How Do I Know If My Filling Fell Out?

Noticing an empty space in a treated tooth is the first sign that your filling fell out. If you don’t have a mirror nearby, you can run your tongue over the “suspicious” tooth. If you can feel a crack or a hole, then the filling is missing. Sometimes, you might end up with a small, hard object in your mouth when eating which is most likely the filling or a piece of it.

Besides that, there are other symptoms that can help you figure out if you are dealing with a missing filling:

  • Toothache: If you feel pain in a treated tooth, the chances are that your filling fell out
  • Tooth sensitivity: Experiencing a sensitivity to cold or hot foods and drinks is a red flag and should warrant a quick check in the mirror
  • Food may get stuck: Food can end up getting stuck in the hole left by a missing filling

 What To Do if a Filling Falls Out

Acting quickly is important if you notice that your filling has fallen out. You should call an emergency dentist or look for emergency dental services in your area. The longer you wait, the more bacteria can enter the tooth, thus increasing the chances of tooth decay.

Some dental care centers consider fallen fillings an emergency, meaning that you can go in without an appointment.

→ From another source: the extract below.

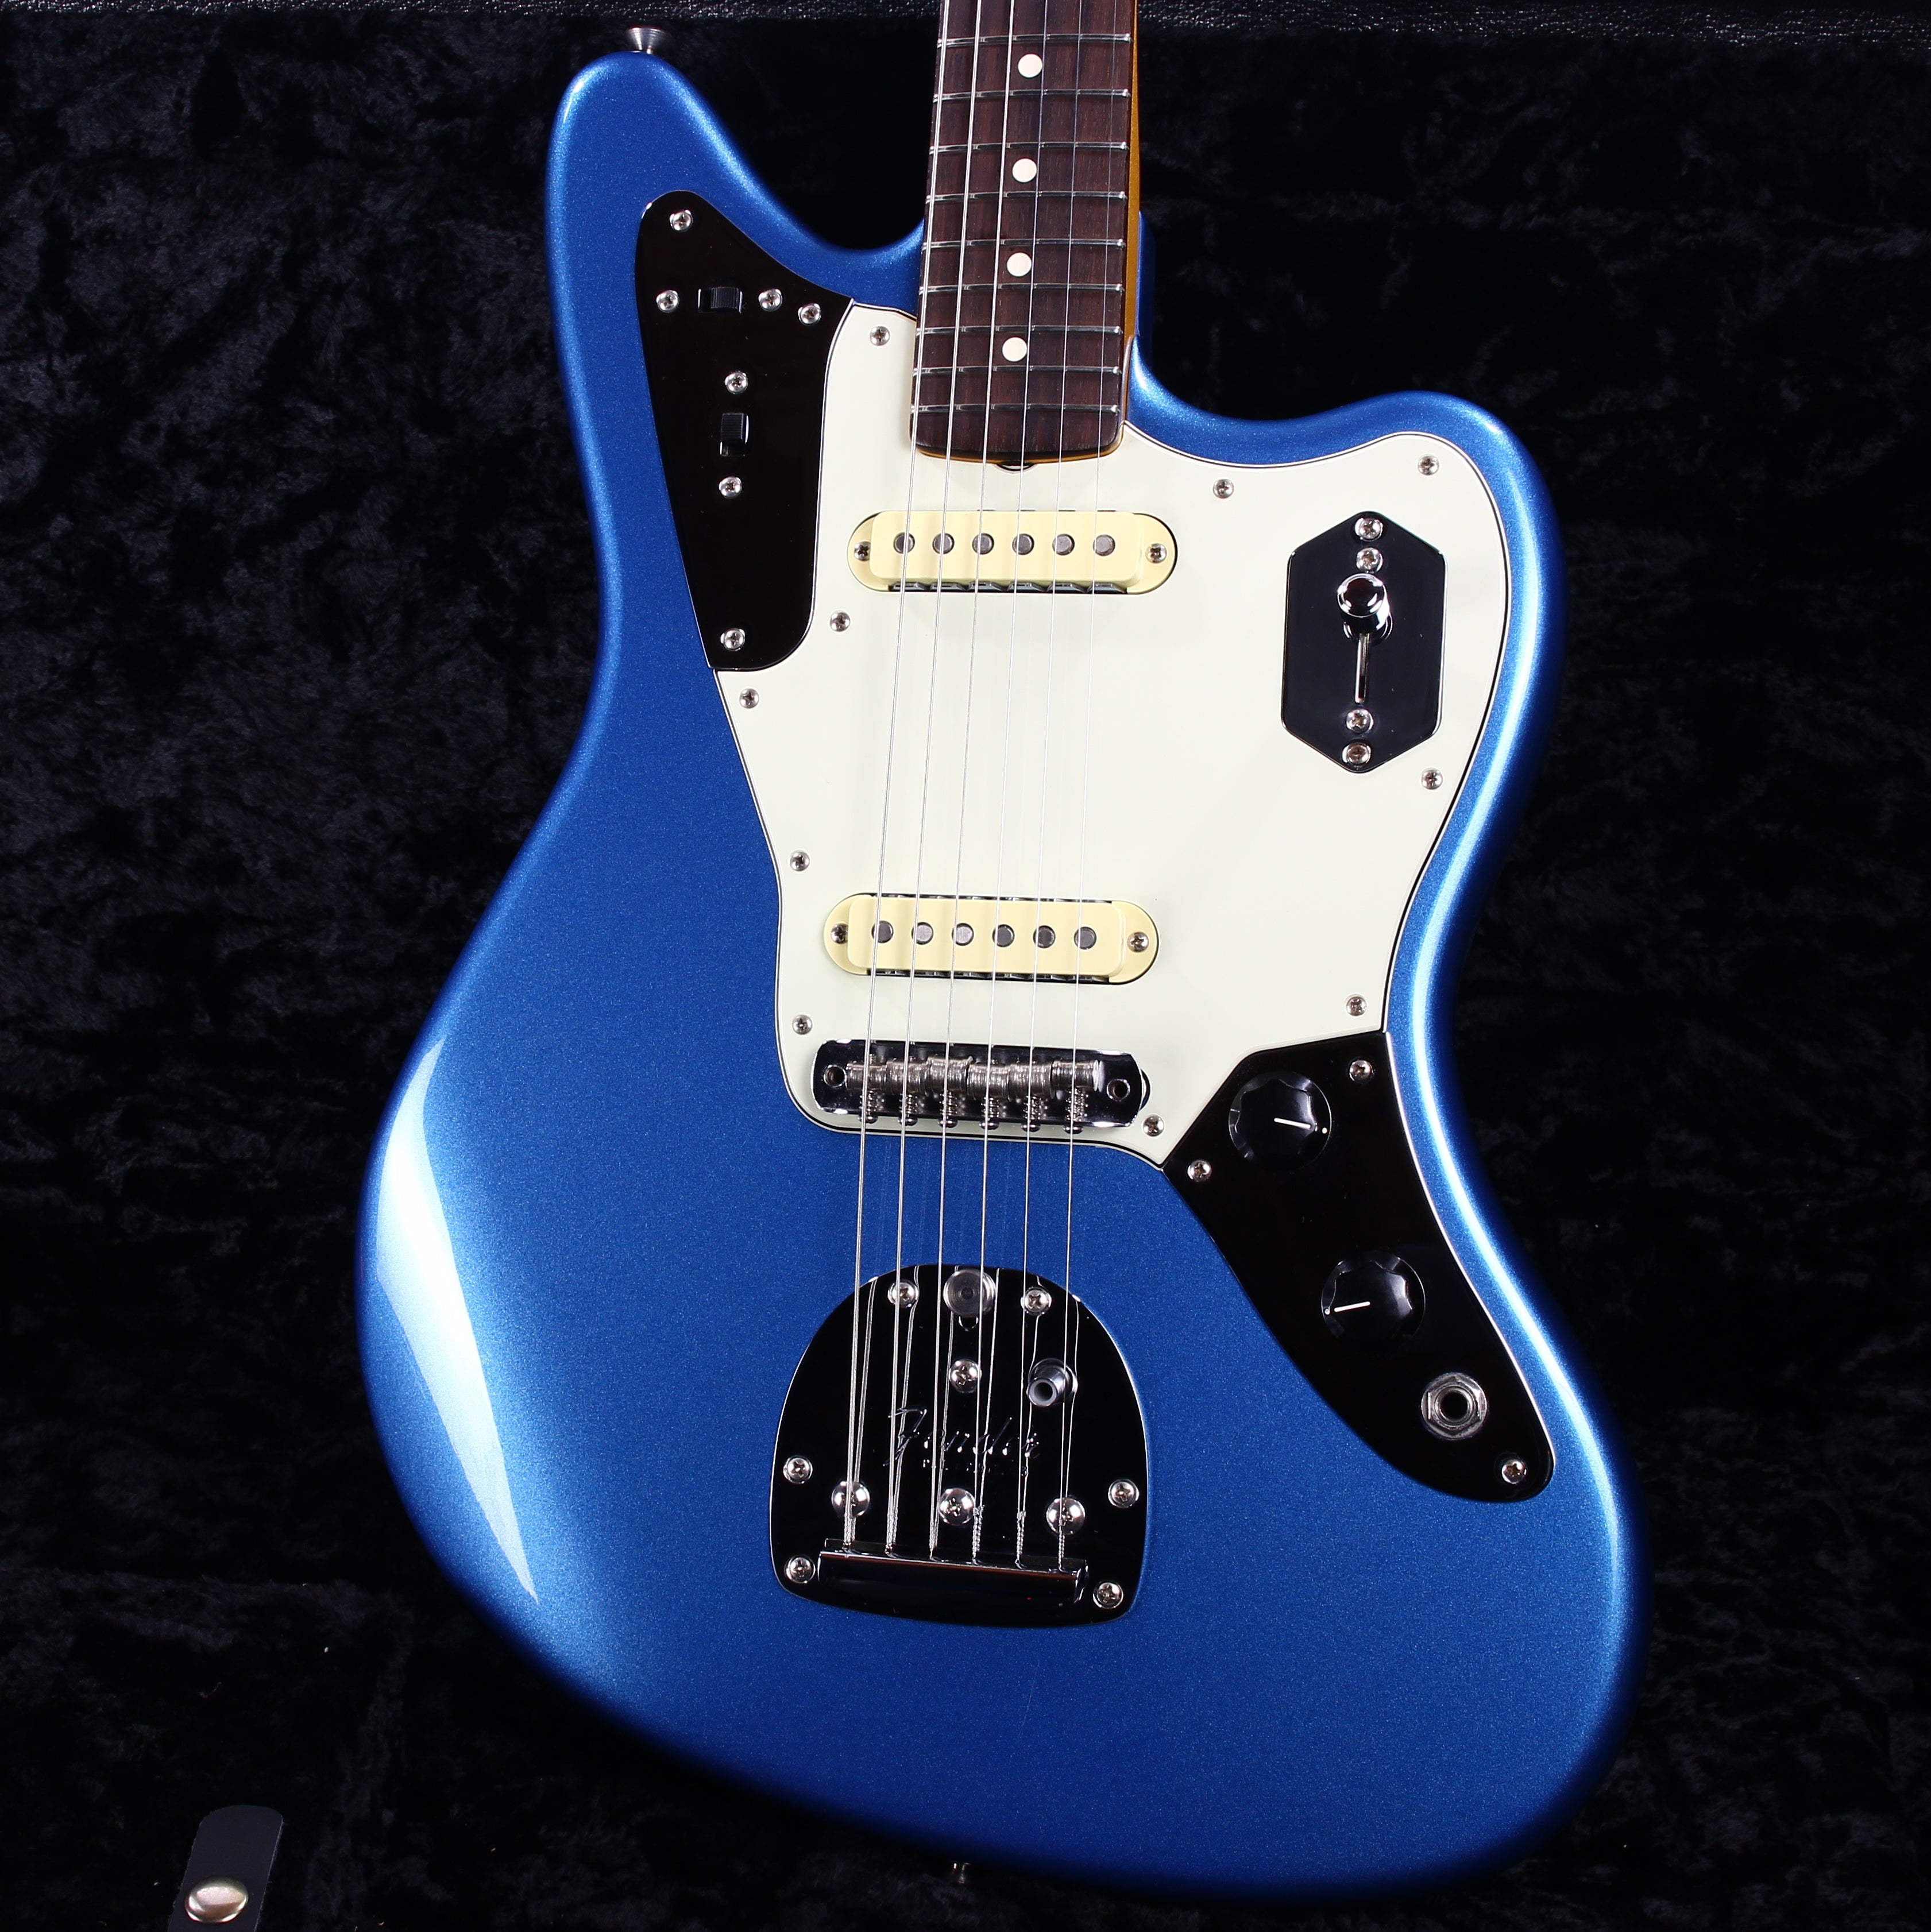 *SOLD*  2018 Fender USA Johnny Marr Jaguar LAKE PLACID BLUE! Rare Limited Edition! American Vintage Signature Model jazzmaster

But even if you can’t go to the dentist, there are some things you should do to avoid further pain and damage:

  • Use anti-inflammatory drugs such as ibuprofen if you are dealing with throbbing pain
  • Avoid chewing on the side of the affected tooth to prevent food from getting stuck
  • You can buy numbing agents similar to Anbesol to further numb the pain

Another thing you can do to temporarily fix a filling that fell out is to use dental wax. You can find it at most pharmacies and you can use it to prevent bacteria from entering the cavity. All you have to do is to mold it against the tooth to fill the empty space.

Going to the Dentist

Going to an emergency dentist should be your top priority. It’s only a matter of time before bacteria can enter the cavity and cause more damage. If you continue to avoid calling the dentist, you will most likely lose the tooth to decay or an infection. According to ADA.org, untreated decay can infect the pulp, which leads to tooth loss.

We know that going to the dentist can be scary for some, but nowadays, thanks to anesthetics, medical procedures are nearly pain-free. Besides, dentists deal with nervous patients all the time, so they know how to take things slow and make you feel comfortable.

What Will the Dentist Do?

Every dentist will start by inspecting and removing any leftover filling. If you’ve put off going to the dentist, chances are, the hole is already filled with food. The dentist will clean the cavity and then check if there is any further decay. Once the decay is dealt with, they will most likely place a new filling or even a crown to protect it.

Sometimes, if you delay the appointment, the dentist will take an X-ray to check if you have developed an infection. If you have, they will perform a root canal or even remove the tooth altogether. If you want to avoid that possibility, it’s important that you visit the dentist as soon as you can.

Dental Filling Protection Tips

While most fillings will eventually fall out, there are a few things you can do to postpone their replacement:

  • Avoid biting on hard foods
  • Use a mouth guard if you are having trouble with nightly teeth grinding
  • Have your teeth checked regularly by a dentist
  • Cut down on sugary foods that can increase the risk of tooth decay
  • Switch to a fluoride toothpaste
  • Replace your toothbrush every three months

The Bottom Line

Whether we like it or not, no matter how durable a filling is, it will eventually fall out. When that happens, it’s important not to panic and to contact an emergency dentist as fast as you can. The more you wait, the more likely tooth loss becomes. But until you see the dentist, cleaning the area and avoiding further damage is the best you can do.

You should always take care of your teeth no matter if your filling fell out or not. If you do that properly, you will remove the need for fillings in the first place. It’s important to remember that you should always try to prevent damage to your teeth, not fix it later.